Featured in the Salon of 1884, Julius LeBlanc Stewart’s Five O’Clock Tea (estimate $1/1.5 million) is an excellent example of the artist’s celebrated renderings of Belle Époque Paris. Known throughout his career as the “Parisian from Philadelphia,” Stewart was part of a glittering social circle of expatriates, business moguls, aristocrats, artists and actors, among them actresses Sarah Bernhardt and Lillie Langtry, Anthony J. Drexel, founder of Drexel, Morgan and Company (later J.P. Morgan) in New York, and James Gordon Bennett, the eccentric founder of The New York Herald and later the International Herald Tribune. Set in a sumptuous drawing room, the eclectic decorations in Five O’Clock Tea demonstrate the vogue for japonisme during the Aesthetic Movement of the late-nineteenth century.
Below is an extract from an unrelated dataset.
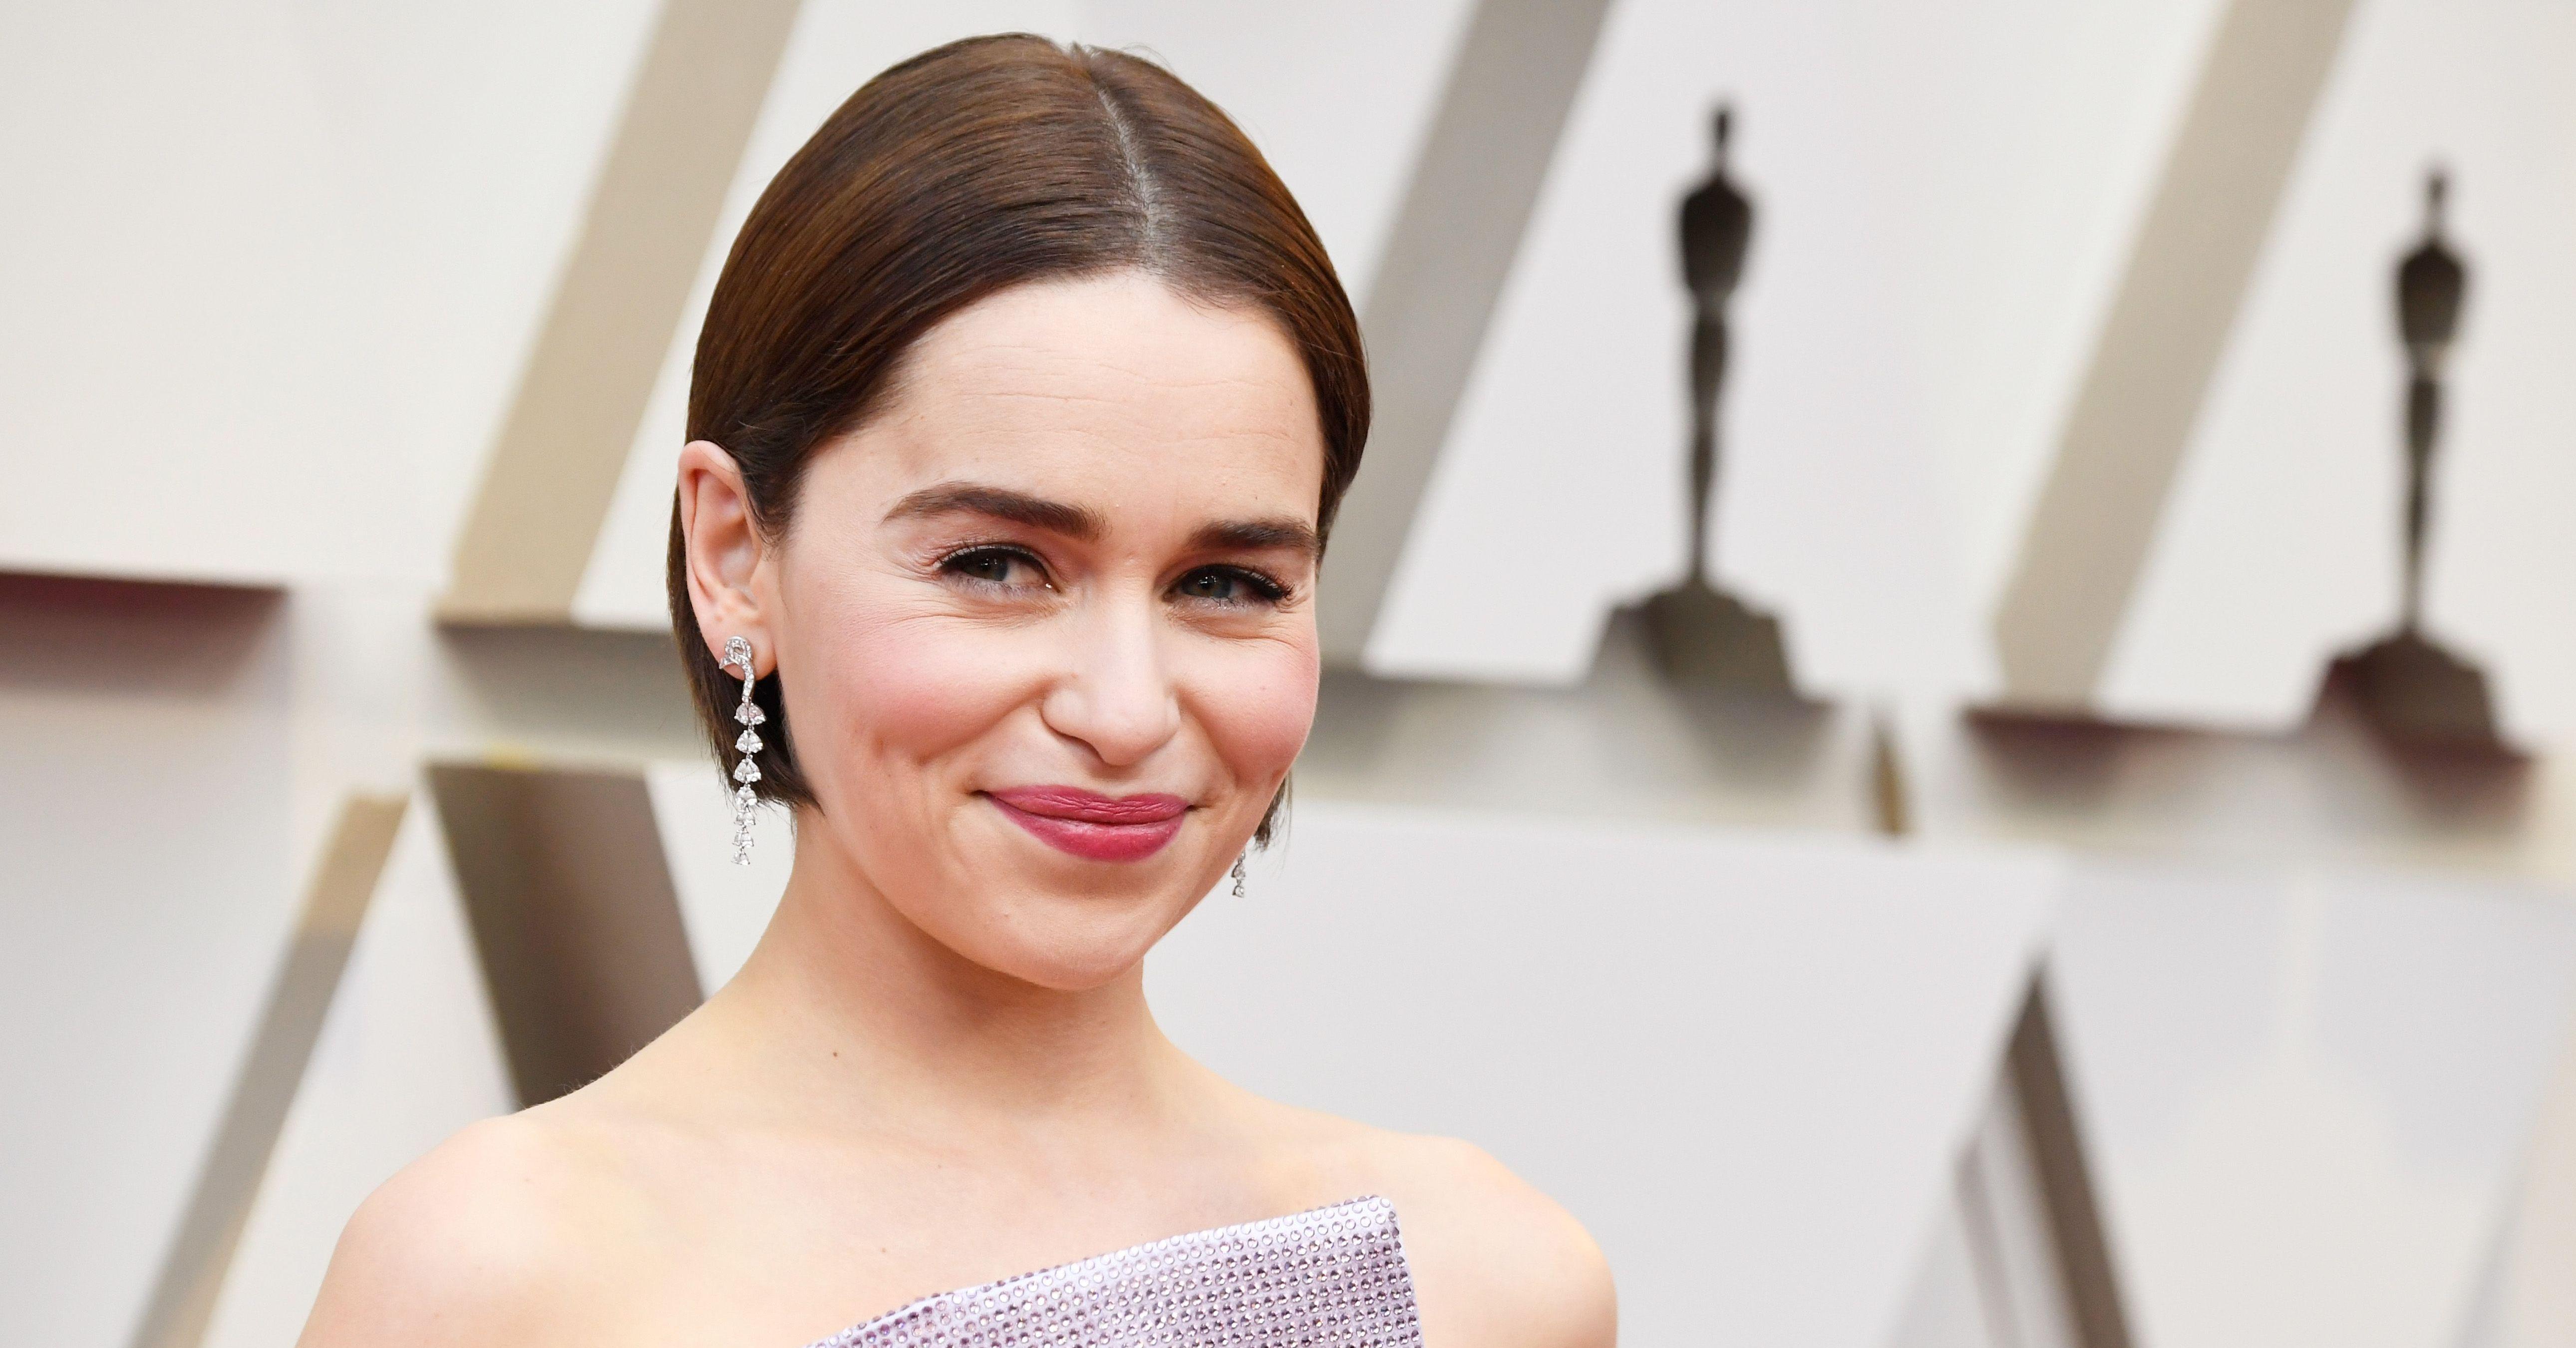 Emilia Clarke felt pressured to do nude scenes in Game of

Among the fashionably dressed guests are two recognizable portraits: a self-portrait of the artist at far left, and the artist’s collie Jinny at right, eagerly awaiting the lucky drop of a crumb.
The May sale also features a superb group of pictures by Sir Alfred James Munnings, whose legacy as one of the most important equestrian artists continues to be celebrated in 2019, the 50th anniversary of his death. The group is led by Evening at Mendham (The Ford) (estimate $250/350,000), a 1909 work focusing on Munnings’ life-long study of the effects of light and water and featuring his favorite equine model Auguereau. The frieze-like The Queen’s Horses: "Corporal," "Biscuit," and "Aureole" (estimate $200/300,000) depicts three thoroughbreds from Queen Elizabeth’s stables, including Aureole, whose wins in the 1954 season made Queen Elizabeth the leading horse owner in Britain in 1954, the first time a reigning sovereign had topped the winner’s list.